Koningin Máxima heeft donderdagochtend de Spaanse koningin Letizia meegenomen naar een instantie die voor Máxima heel belangrijk is: de organisatie MindUS. De koninginnen, vooral Letizia, hoorden bij LAB6 in Amsterdam over de inzet van de organisatie voor de mentale gezondheid van jongeren.
Directeur Frederieke Vriends en bestuurslid Arne Popma, die Máxima lachend “de founding mother” van MindUS noemden, verzorgden de introductie. Sinds de oprichting ongeveer twee jaar geleden is Máxima betrokken bij de organisatie en ze stelde haar Spaanse gast enthousiast voor aan de mensen van MindUS. De koningin en de organisatie kennen elkaar goed: Vriends vertelde dat zij en de koningin elkaar ongeveer twaalf keer per jaar zien.
Máxima vertelde enthousiast over de onderwerpen die haar na aan het hart liggen. “Maar in Nederland kennen we een gezegde: succes heeft vele vaders en moeders. Dus ik deed dit zeker niet alleen”, benadrukte ze tegen Letizia. “We luisteren veel naar de jongeren. Zij geven ons richting.” Ze vertelde Letizia ook dat er volgens haar meer aandacht moet komen voor meisjes met mentale problemen. “Over het algemeen gaat het slechter met meisjes dan met jongens, bijvoorbeeld door hoe ze zichzelf zien.”
Meer aandacht
Voor de Spaanse Letizia is mentale gezondheid zeker geen onbekend onderwerp. “Investeren in de geestelijke gezondheidszorg is de garantie voor een welvarendere, eerlijkere en rechtvaardigere toekomst voor alle mensen”, zei ze afgelopen oktober tijdens een bijeenkomst voor World Mental Health Day. “Omdat we allemaal beperkingen, wantrouwen, angsten en onzekerheden hebben, hebben we hulpmiddelen nodig om het leven aan te kunnen.”

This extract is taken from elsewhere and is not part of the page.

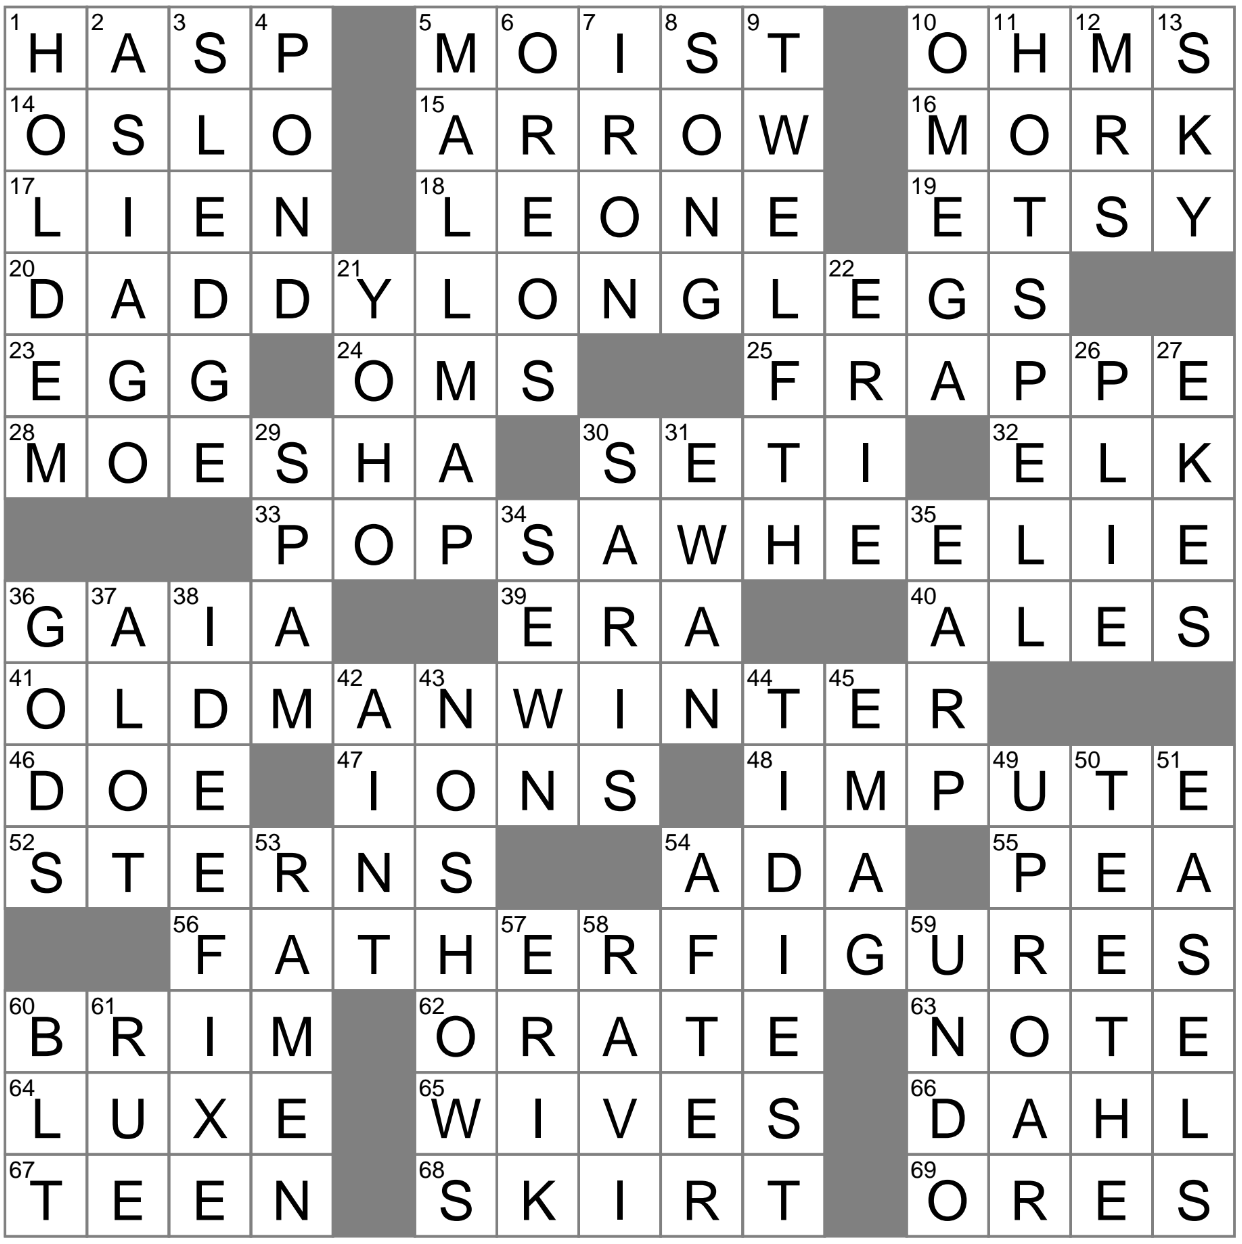 dissertations crossword clue 6 letters

Het bezoek ging ook over de aandacht voor mentale gezondheid op scholen en de hoge cijfers rond dergelijke problemen bij jongeren. Letizia vroeg zich af of de genoemde cijfers specifiek over Nederland gingen of over de situatie wereldwijd. Voordat de organisatie van MindUS kon reageren, had Máxima haar antwoord al paraat: “Dit is wereldwijd. Maar in Nederland verdient het ook zeker meer aandacht.”